# Supplied data:
————
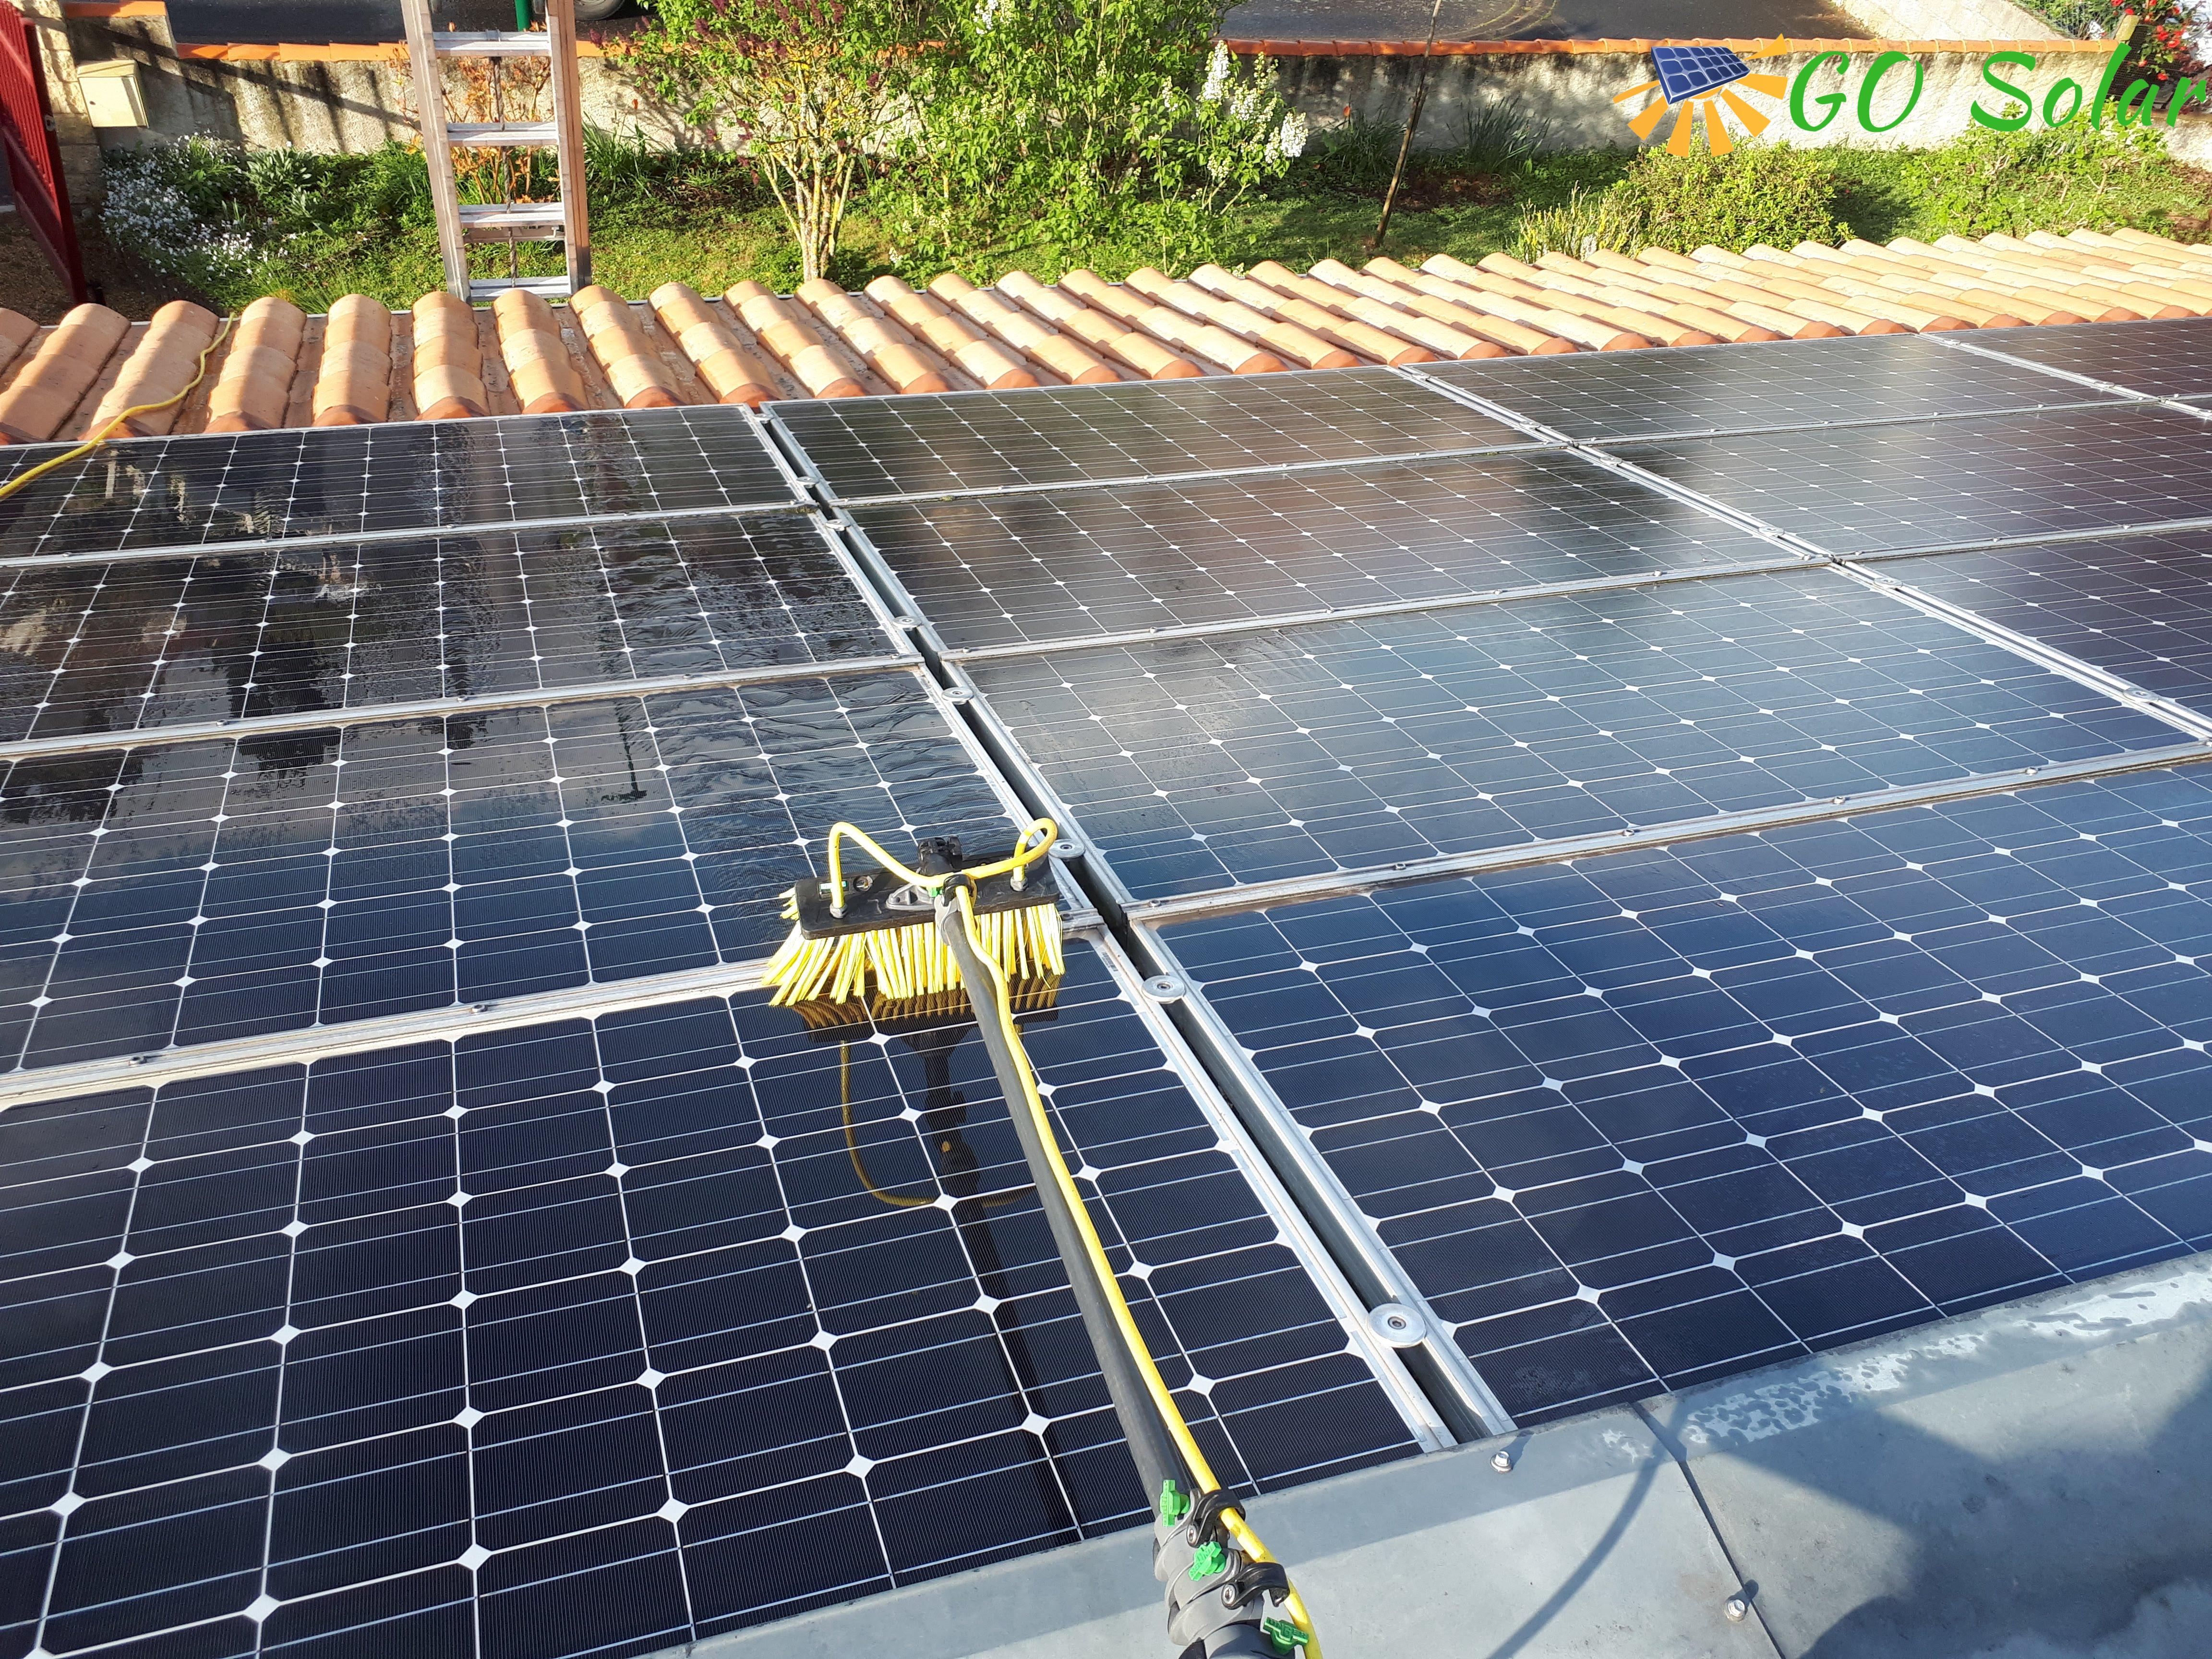 Nettoyage de panneaux solaires photovoltaïque
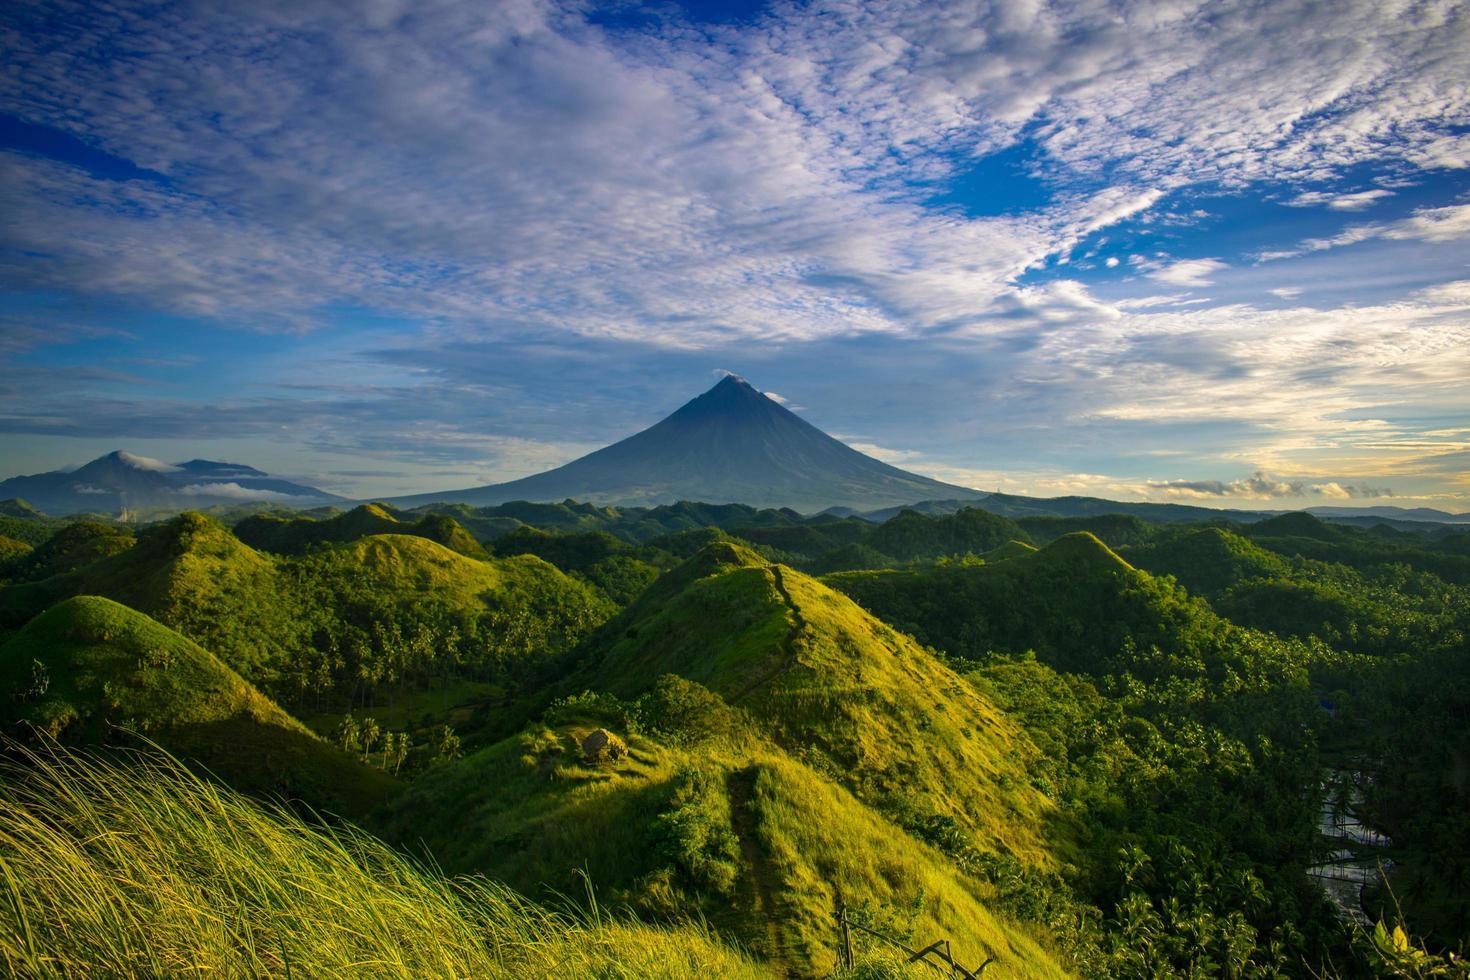 vista panoramica sulle colline coperte di erba e montagna foto
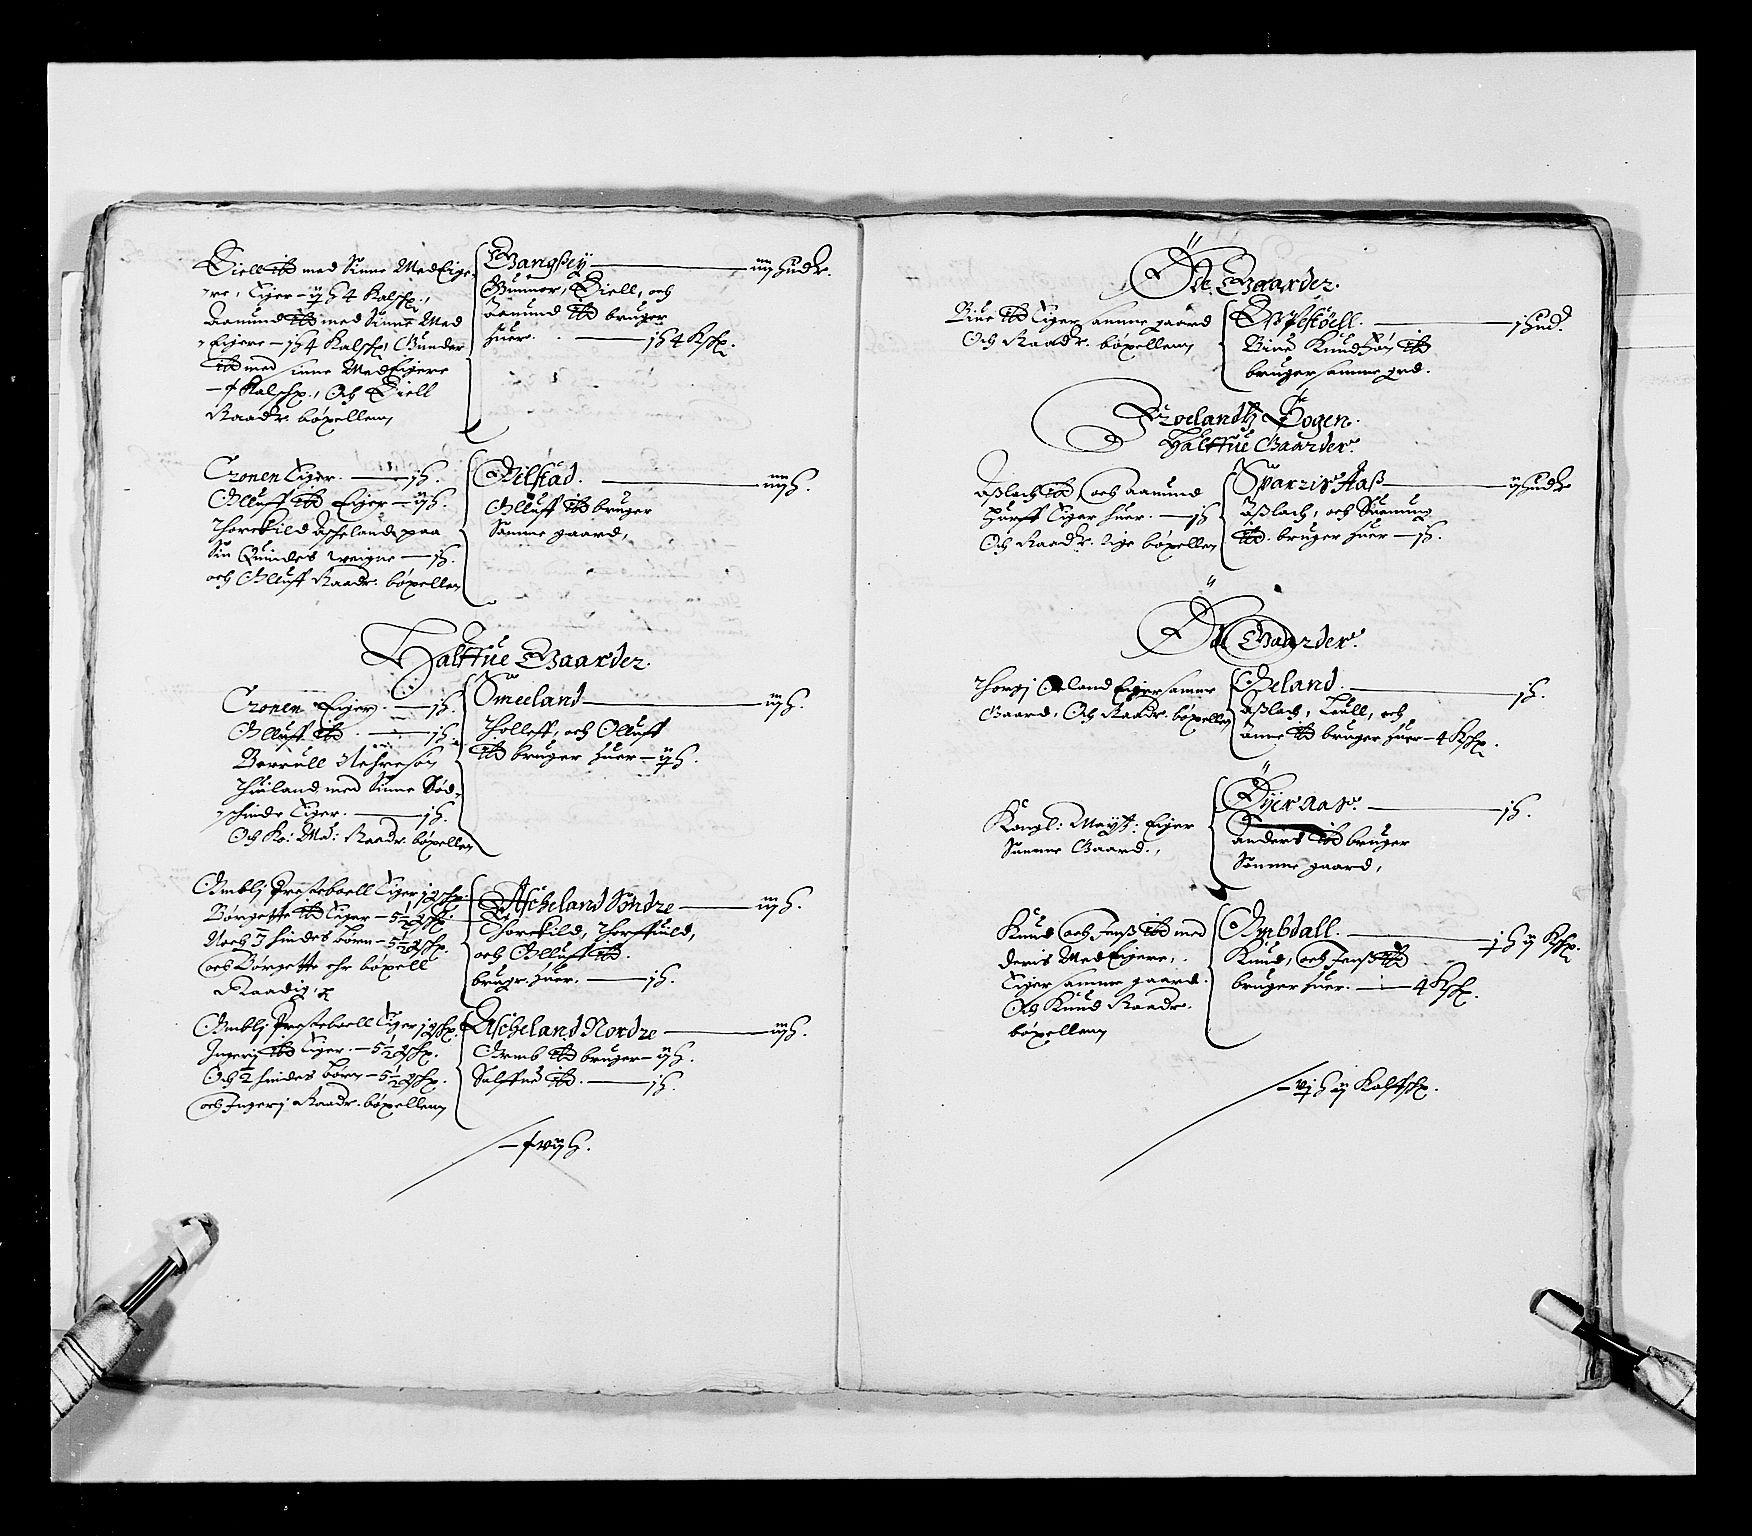 RA, Stattholderembetet 1572-1771, Ek/L0023: Jordebøker 1633-1658:, 1648-1649, s. 10
————
# Exercise description:
Print exactly, and only, the lines from the one with "vista panoramica sulle" through the last line of the listing above. No pictures belong in the copy.

# Solution to the problem:
 vista panoramica sulle colline coperte di erba e montagna foto
 RA, Stattholderembetet 1572-1771, Ek/L0023: Jordebøker 1633-1658:, 1648-1649, s. 10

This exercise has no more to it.